Sous son mètre soixante trois de souffreteux, il abritait une vigueur, un tempérament exceptionnels. Un homme qui même lorsqu’il était président du Conseil, emmenait lui-même ses enfants chez le dentiste, ne saurait être entièrement mauvais. Le Guizot de Theis est ainsi fait hors des sentiers battus qu’il éclipse le trop fameux “Enrichissez-vous !” qu’on lui a systématiquement prêté. Même s’il s’agissait de s’enrichir par le travail et l’épargne afin d’élever la condition morale et matérielle de la France, on n’a jamais retrouvé la citation exacte forgée par ses adversaires. “Ce mot d’ordre habille pour toujours Guizot d’une tunique de Nessus” écrit Laurent Theis ; s’il confirme que son héros ne l’a jamais prononcé sous cette forme, il ne le traduit pas moins comme un appel à faire fructifier le capital politique et social acquis par les révolutions de 1789 et de 1830. Mais à défaut de la lettre, l’esprit y était. Un siècle et demi après, la formule lui colle encore aux basques.

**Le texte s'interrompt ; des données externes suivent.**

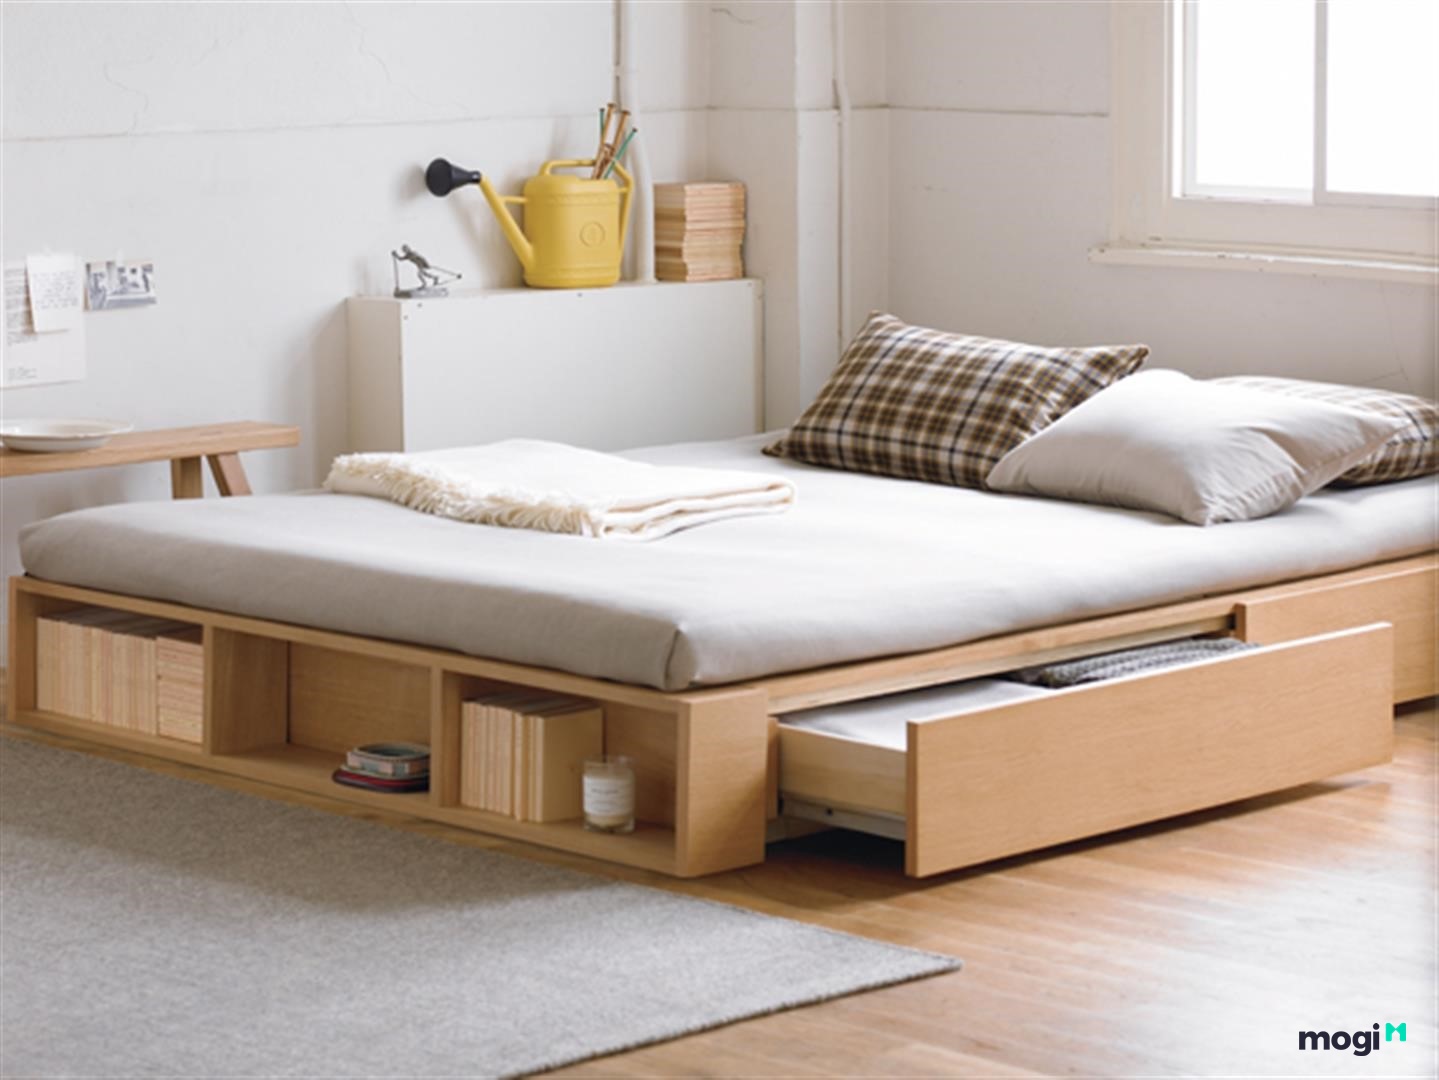 Giường có ngăn kéo giúp tăng không gian chứa đồ cho phòng ngủ nhỏ

On verra bien dans un siècle et plus si quelqu’un se souvient de celui qui inventa “Travailler plus gagner plus”. >>

Le blog de Pierre Assouline, 10-VI-2006 

samedi, 24 mai 2008

Cette horreur-là est-elle une spécialité autrichienne ?

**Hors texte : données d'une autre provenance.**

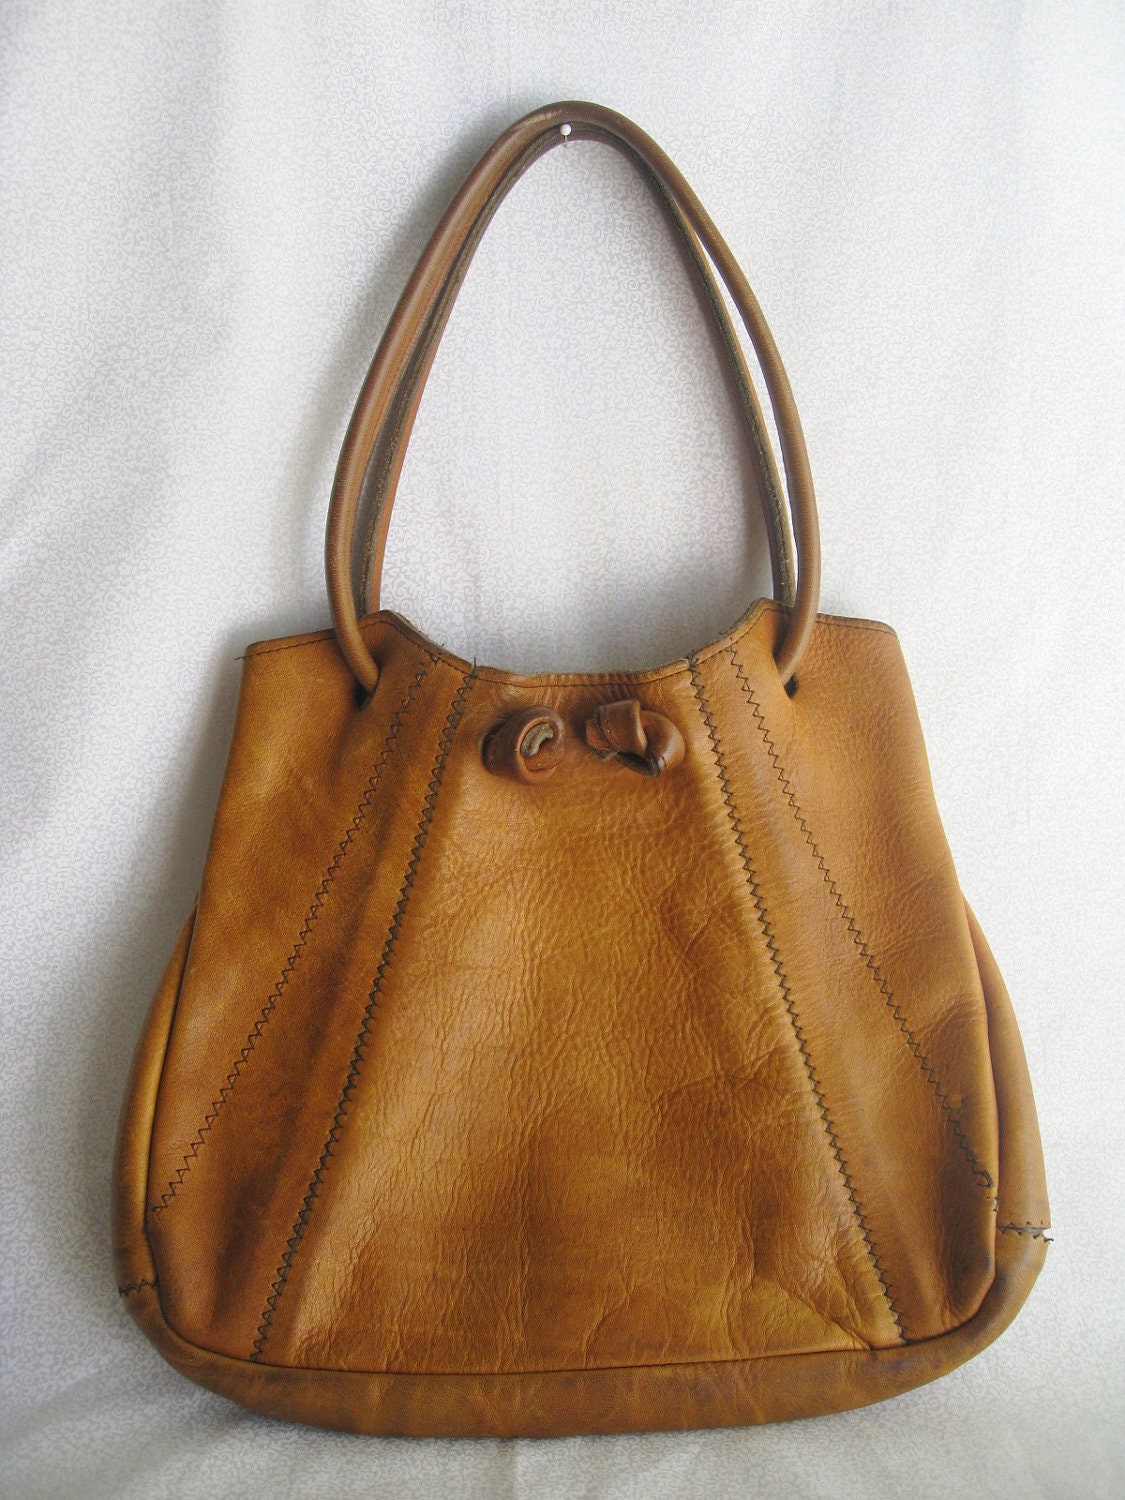 Boho leather bag/vintage caramel color leather by BohoRain on Etsy

<< La classe politique autrichienne aimerait bien se débarrasser de l’affaire d’Amstetten, de l’image détestable qu’elle donne du pays et de ce père criminel qui a enfermé sa fille à la cave pendant vingt quatre ans avec les enfants nés du viol. Mais elle ne sait pas trop comment s’y prendre. Chaque édition spéciale dans les médias apporte jour après jour son lot de révélations, et un degré supplémentaire dans l’horreur et l’inimaginable. Les responsables politiques, constamment pressés de s’exprimer par la presse étrangère, ont donc entrepris de banaliser l’histoire en expliquant qu’elle n’avait rien de spécifiquement autrichien. Ce n’est pas l’avis de Ritchie Robertson qui a co-édité il y a deux ans une histoire de la littérature autrichienne de 1918 à 2000.

Bien sûr, les autres littératures ne sont pas avares de telles perversions ; il n’est que de citer The Collector du britannique John Fowles, roman dans lequel le personnage principal, un sympathique collectionneur de papillons, kidnappe une femme et l’enferme dans sa cave où elle finira par mourir des suites d’une pneumonie. Mais selon Ritchie, dans la littérature autrichienne, non seulement c’est une vieille tradition mais ça se passe toujours en famille. A l’appui de sa démonstration, il cite notamment Adalbert Stifter (Tourmaline, 1853), Ludwig Anzengruber (Das Vierte Gebot,1877), Franz Nabl (Das Grab des Lebendigen, 1917), Elias Canetti (Auto Da fé,1935) ainsi que les nombreux faits divers criminels commentés par Karl Kraus dans son Journal et le Freud de l’Homme aux rats, autant de textes dans lesquels l’autorité du père est centrale.“Josef Fritzl a existé en littérature avant d’exister dans la vie” assure ce spécialiste de littérature autrichienne dans un long article, particulièrement riche et informé, que publie le Times Literary Supplement. C’est Elfriede Jelinek qui va être contente car c’est ce qu’elle ne cesse de répéter. D’ailleurs, il termine son article sur son roman Lust. >>

Sur le blog de Pierre Assouline, samedi dernier.